• _Items listed in a dataset_
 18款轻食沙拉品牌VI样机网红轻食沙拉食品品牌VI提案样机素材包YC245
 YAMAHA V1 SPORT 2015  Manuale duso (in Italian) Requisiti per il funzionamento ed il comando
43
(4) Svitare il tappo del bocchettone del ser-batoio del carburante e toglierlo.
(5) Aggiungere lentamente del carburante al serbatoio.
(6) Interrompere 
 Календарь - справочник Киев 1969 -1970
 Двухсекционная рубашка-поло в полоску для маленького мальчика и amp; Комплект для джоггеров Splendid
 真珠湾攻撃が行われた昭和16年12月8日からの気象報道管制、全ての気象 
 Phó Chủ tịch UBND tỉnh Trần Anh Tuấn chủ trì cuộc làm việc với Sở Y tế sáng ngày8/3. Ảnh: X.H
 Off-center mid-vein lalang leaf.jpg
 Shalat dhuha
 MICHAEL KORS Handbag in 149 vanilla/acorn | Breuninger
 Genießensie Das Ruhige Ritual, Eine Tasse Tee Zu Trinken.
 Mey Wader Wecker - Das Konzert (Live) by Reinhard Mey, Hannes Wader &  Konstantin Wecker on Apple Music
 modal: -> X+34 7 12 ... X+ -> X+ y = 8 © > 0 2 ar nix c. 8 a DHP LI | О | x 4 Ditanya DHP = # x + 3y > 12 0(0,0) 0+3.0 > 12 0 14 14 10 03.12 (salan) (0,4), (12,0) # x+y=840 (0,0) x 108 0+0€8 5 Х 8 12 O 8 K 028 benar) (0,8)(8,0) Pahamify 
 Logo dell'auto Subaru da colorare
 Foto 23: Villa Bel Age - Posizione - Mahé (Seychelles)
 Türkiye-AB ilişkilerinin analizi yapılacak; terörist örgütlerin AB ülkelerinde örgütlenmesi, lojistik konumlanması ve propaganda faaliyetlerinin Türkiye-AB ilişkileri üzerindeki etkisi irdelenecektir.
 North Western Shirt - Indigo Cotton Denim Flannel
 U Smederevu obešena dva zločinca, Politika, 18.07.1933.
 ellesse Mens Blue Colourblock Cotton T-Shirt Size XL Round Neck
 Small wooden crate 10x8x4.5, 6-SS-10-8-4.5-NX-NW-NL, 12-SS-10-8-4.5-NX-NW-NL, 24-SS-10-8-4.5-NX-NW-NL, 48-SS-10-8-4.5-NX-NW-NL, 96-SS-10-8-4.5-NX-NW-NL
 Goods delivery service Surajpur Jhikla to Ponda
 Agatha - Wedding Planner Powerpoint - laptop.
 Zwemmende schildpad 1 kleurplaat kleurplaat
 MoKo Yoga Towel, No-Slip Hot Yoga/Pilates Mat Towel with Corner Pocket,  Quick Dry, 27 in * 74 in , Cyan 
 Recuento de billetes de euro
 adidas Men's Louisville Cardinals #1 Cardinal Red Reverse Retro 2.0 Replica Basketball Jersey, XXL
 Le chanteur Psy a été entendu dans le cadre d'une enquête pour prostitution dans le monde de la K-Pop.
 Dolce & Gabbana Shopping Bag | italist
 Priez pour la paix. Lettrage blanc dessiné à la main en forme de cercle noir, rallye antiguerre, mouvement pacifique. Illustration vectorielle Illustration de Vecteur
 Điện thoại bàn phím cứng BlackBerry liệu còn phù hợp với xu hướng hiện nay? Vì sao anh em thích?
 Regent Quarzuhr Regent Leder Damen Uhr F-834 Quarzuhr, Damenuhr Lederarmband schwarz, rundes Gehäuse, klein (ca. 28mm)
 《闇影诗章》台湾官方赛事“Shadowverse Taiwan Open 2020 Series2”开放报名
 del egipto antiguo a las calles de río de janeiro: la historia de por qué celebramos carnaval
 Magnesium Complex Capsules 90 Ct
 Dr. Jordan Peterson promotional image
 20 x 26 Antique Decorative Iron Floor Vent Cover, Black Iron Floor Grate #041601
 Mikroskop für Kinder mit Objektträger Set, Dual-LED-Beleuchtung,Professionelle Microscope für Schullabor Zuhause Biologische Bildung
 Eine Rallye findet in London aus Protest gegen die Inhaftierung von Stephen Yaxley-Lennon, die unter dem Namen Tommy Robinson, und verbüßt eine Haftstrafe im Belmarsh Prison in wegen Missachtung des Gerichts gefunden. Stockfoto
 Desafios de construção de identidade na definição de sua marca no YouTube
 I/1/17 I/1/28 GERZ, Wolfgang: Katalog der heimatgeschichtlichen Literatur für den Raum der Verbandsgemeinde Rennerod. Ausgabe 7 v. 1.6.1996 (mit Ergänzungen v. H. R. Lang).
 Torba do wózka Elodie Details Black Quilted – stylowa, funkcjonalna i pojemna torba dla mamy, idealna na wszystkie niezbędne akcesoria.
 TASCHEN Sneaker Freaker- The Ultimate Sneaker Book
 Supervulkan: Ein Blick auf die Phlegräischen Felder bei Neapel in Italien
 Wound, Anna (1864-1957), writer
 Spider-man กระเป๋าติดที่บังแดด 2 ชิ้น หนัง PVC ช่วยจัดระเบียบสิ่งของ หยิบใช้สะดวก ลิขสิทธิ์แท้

• _EXERCISE_
Please reproduce exactly the lines from the first one of the records above through the line containing "Foto 23: Villa", both included, and nothing else.

• _EXERCISE RESULT_
 18款轻食沙拉品牌VI样机网红轻食沙拉食品品牌VI提案样机素材包YC245
 YAMAHA V1 SPORT 2015  Manuale duso (in Italian) Requisiti per il funzionamento ed il comando
43
(4) Svitare il tappo del bocchettone del ser-batoio del carburante e toglierlo.
(5) Aggiungere lentamente del carburante al serbatoio.
(6) Interrompere 
 Календарь - справочник Киев 1969 -1970
 Двухсекционная рубашка-поло в полоску для маленького мальчика и amp; Комплект для джоггеров Splendid
 真珠湾攻撃が行われた昭和16年12月8日からの気象報道管制、全ての気象 
 Phó Chủ tịch UBND tỉnh Trần Anh Tuấn chủ trì cuộc làm việc với Sở Y tế sáng ngày8/3. Ảnh: X.H
 Off-center mid-vein lalang leaf.jpg
 Shalat dhuha
 MICHAEL KORS Handbag in 149 vanilla/acorn | Breuninger
 Genießensie Das Ruhige Ritual, Eine Tasse Tee Zu Trinken.
 Mey Wader Wecker - Das Konzert (Live) by Reinhard Mey, Hannes Wader &  Konstantin Wecker on Apple Music
 modal: -> X+34 7 12 ... X+ -> X+ y = 8 © > 0 2 ar nix c. 8 a DHP LI | О | x 4 Ditanya DHP = # x + 3y > 12 0(0,0) 0+3.0 > 12 0 14 14 10 03.12 (salan) (0,4), (12,0) # x+y=840 (0,0) x 108 0+0€8 5 Х 8 12 O 8 K 028 benar) (0,8)(8,0) Pahamify 
 Logo dell'auto Subaru da colorare
 Foto 23: Villa Bel Age - Posizione - Mahé (Seychelles)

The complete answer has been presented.